*** Opening SUPPLIED DATA ***

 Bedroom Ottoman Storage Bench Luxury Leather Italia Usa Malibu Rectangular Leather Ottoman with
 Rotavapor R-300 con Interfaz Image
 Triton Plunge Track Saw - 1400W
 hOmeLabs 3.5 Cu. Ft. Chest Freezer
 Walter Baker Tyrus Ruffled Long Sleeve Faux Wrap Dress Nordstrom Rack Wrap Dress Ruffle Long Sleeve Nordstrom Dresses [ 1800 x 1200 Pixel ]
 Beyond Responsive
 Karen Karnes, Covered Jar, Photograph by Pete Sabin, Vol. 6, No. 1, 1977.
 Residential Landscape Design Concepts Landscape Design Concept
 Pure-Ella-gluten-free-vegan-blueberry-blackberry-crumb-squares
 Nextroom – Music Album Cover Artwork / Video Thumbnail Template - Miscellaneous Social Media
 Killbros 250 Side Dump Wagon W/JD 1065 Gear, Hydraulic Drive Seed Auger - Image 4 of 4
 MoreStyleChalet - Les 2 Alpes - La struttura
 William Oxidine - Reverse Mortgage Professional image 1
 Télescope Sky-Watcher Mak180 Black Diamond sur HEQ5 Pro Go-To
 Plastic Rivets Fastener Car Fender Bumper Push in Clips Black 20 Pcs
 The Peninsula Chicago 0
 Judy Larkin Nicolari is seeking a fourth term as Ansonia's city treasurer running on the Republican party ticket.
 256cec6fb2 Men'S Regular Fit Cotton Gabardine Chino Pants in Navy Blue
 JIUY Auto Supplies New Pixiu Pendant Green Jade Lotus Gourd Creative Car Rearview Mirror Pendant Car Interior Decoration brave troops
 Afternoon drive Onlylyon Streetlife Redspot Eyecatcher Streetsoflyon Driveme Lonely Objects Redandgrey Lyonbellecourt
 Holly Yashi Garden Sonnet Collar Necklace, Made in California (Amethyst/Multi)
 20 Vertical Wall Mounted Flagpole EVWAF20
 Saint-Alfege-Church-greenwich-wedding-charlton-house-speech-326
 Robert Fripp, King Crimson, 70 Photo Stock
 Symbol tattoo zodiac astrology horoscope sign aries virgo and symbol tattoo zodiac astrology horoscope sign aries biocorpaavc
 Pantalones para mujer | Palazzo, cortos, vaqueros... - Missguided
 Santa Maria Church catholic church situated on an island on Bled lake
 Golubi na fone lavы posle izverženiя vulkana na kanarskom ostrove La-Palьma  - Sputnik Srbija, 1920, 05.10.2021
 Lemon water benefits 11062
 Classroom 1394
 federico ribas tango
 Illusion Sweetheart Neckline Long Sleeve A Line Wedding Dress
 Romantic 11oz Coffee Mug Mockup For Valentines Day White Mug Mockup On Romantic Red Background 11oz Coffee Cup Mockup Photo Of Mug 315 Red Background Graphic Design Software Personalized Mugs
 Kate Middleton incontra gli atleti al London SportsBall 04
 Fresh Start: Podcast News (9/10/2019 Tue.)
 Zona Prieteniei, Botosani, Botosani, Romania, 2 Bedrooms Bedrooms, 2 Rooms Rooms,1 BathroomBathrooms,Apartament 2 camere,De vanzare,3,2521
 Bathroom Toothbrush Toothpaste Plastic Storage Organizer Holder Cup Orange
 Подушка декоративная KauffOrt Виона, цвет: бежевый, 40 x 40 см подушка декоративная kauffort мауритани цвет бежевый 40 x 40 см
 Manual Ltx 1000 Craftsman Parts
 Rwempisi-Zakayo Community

*** Closing SUPPLIED DATA ***

*ACTION ITEM*
A single figure is required: the number of lines above in which the word "Dress" occurs.

*FINISHED EXERCISE*
2